Step 9: Reading and Formatting Cryptocurrency Market Data and Preprocessing Cryptocurrency Market Data
# Specify the path to your saved .csv file
csv_file_path = file_name # Replace with the actual file path
# Read the .csv file into a DataFrame
df = pd.read_csv(csv_file_path)
# Rename columns for better readability
df.rename(columns={'timestamp': 'Date', 'open': 'Open', 'high': 'High', 'low': 'Low', 'close': 'Adj Close', 'volume': 'Volume', 'symbol': 'Symbol'}, inplace=True)
# Convert timestamps to datetime objects
df['Date'] = pd.to_datetime(df['Date'] / 1000, unit='s')
# Handle duplicate entries by aggregating 'Adj Close' values
df_agg = df.groupby(['Date', 'Symbol']).agg({'Adj Close': 'mean'}).reset_index()
# Pivot the DataFrame to shift rows to columns
df_pivoted = df_agg.pivot(index='Date', columns='Symbol', values='Adj Close')
df_pivoted = df_pivoted.apply(lambda col: col.fillna(col.mean()))
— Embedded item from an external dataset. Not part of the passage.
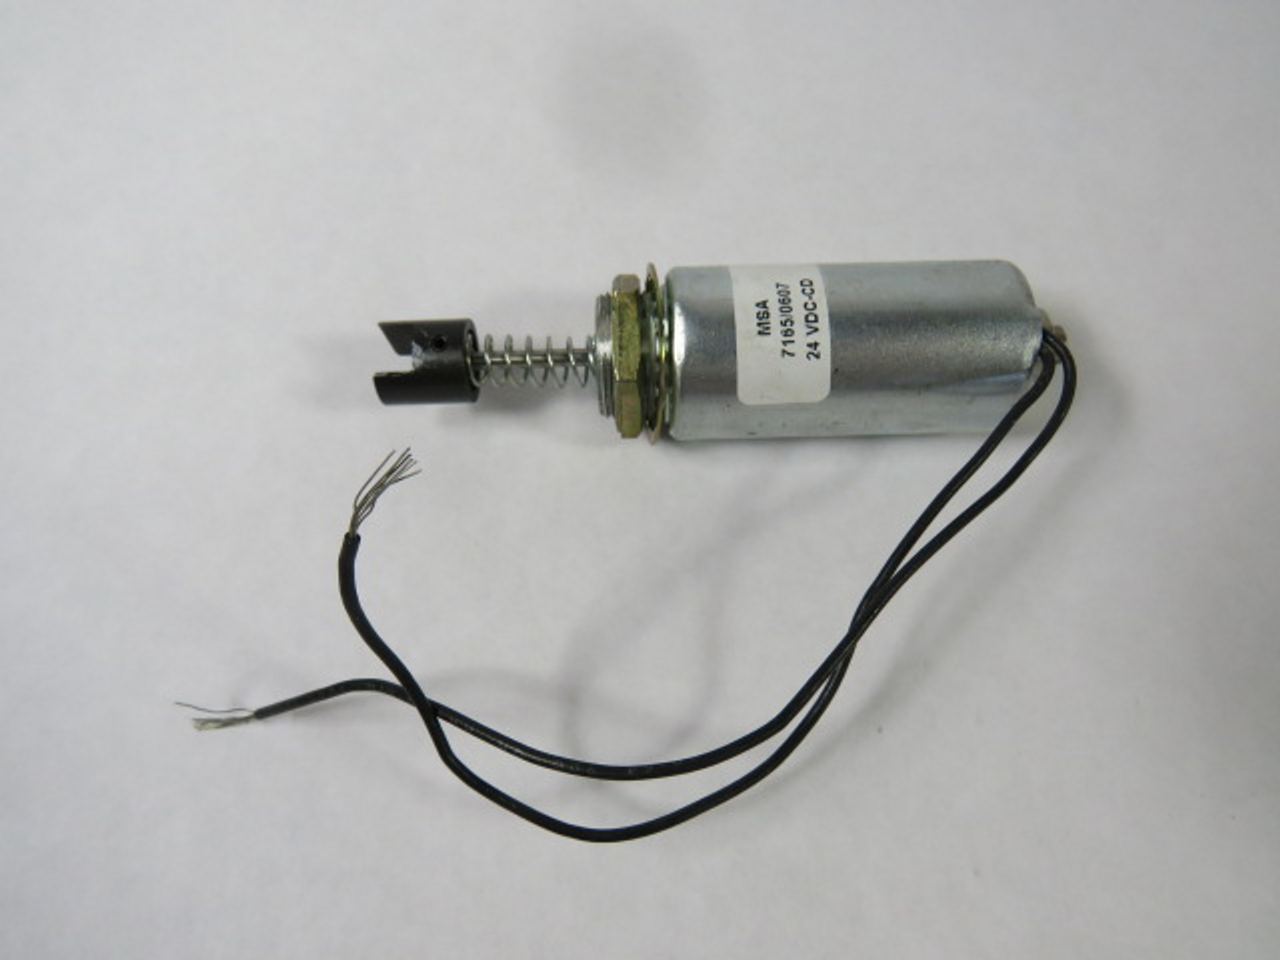 MSA 7165/0607 Tubular (Cylindrical) Solenoid 24VDC USED

# Display the pivoted DataFrame
pd.set_option("display.max_columns", None) # Show all columns
pd.set_option("display.width", 1000) # Adjust display width
pd.set_option("display.precision", 2) # Set precision
# Filter columns with only "/USDT:USDT" in the suffix
filtered_columns = [col for col in df_pivoted.columns if col.endswith('/USDT:USDT')]
# Create a DataFrame with the filtered columns
filtered_df = df_pivoted[filtered_columns]
# Remove "/USDT:USDT" from column names
filtered_df.columns = [col.replace('/USDT:USDT', '') for col in filtered_df.columns]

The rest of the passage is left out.